For some time I've been thinking of turning a corner with my blog. This year is challenging in a million different ways, and for me one of these challenges is the need to redefine my identity as a writer, or perhaps my relationship to writing, my expectations for it. I started blogging when posts were supposed to start a conversation, but I find that's not why I write.

I write here because I write always, but here I can finish a thing, wrap it up, and give it away without anyone else's say-so.

I haven't left conversation mode because I don't want to hear from readers. I love hearing from readers. I just want to take the pressure off of us. Joseph Gordon Leavitt says artists are in danger today, perhaps more than ever (hello, the social dilemma), of craving attention so much that they begin to create for that purpose instead of for the better and happier motivation - to pay attention.
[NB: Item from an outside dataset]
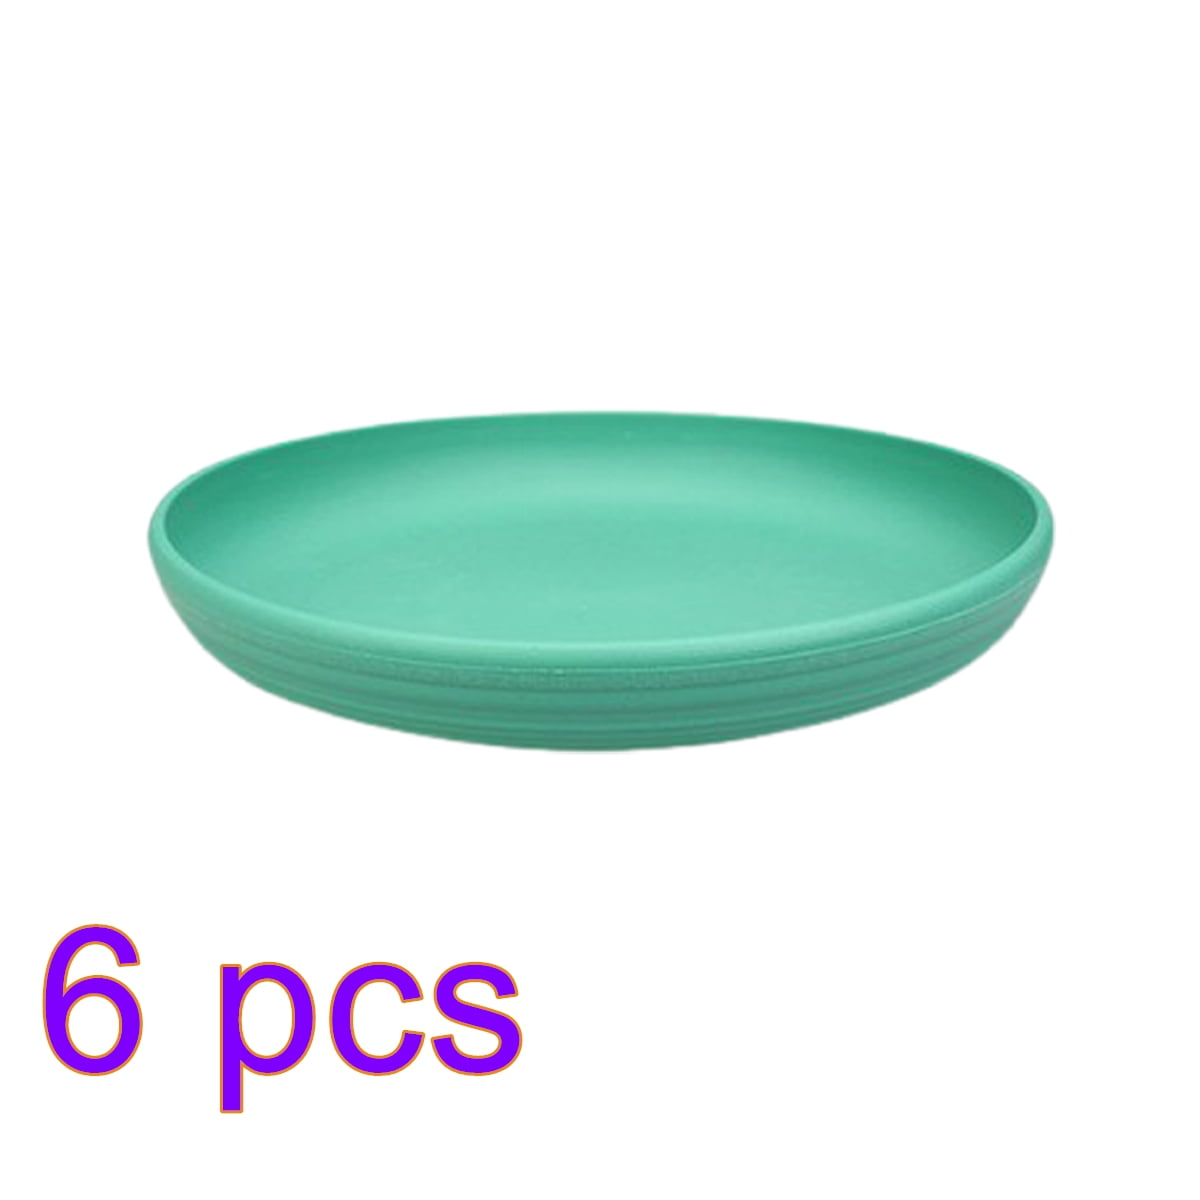 Round Plastic Plant Pot Saucers Flower Pot Tray for Indoor Outdoor Garden GROWNEER 6 Packs 12 Inches Plant Saucer Drip Trays Brown Suit for Pots Less Than 10 Inches Bottom Diameter

Life is beautiful. I write to see it. This is one place I will do so. My readers can drop in when they feel like it, ignore me when they have other things to do, stop by, skim, dive deep, mildly react, move on, take with them whatever good or relatable thing they find here, and leave the rest. It's been the plan for a minute, but I was still working it out when John came home for his birthday supper tonight and asked, "Have you written the Anniversary of your Motherhood post yet?"

And so I returned to blogging before I knew exactly what to say. This is motherhood - adulthood, for that matter. This is life. Never quite being ready for the thing it's time to do.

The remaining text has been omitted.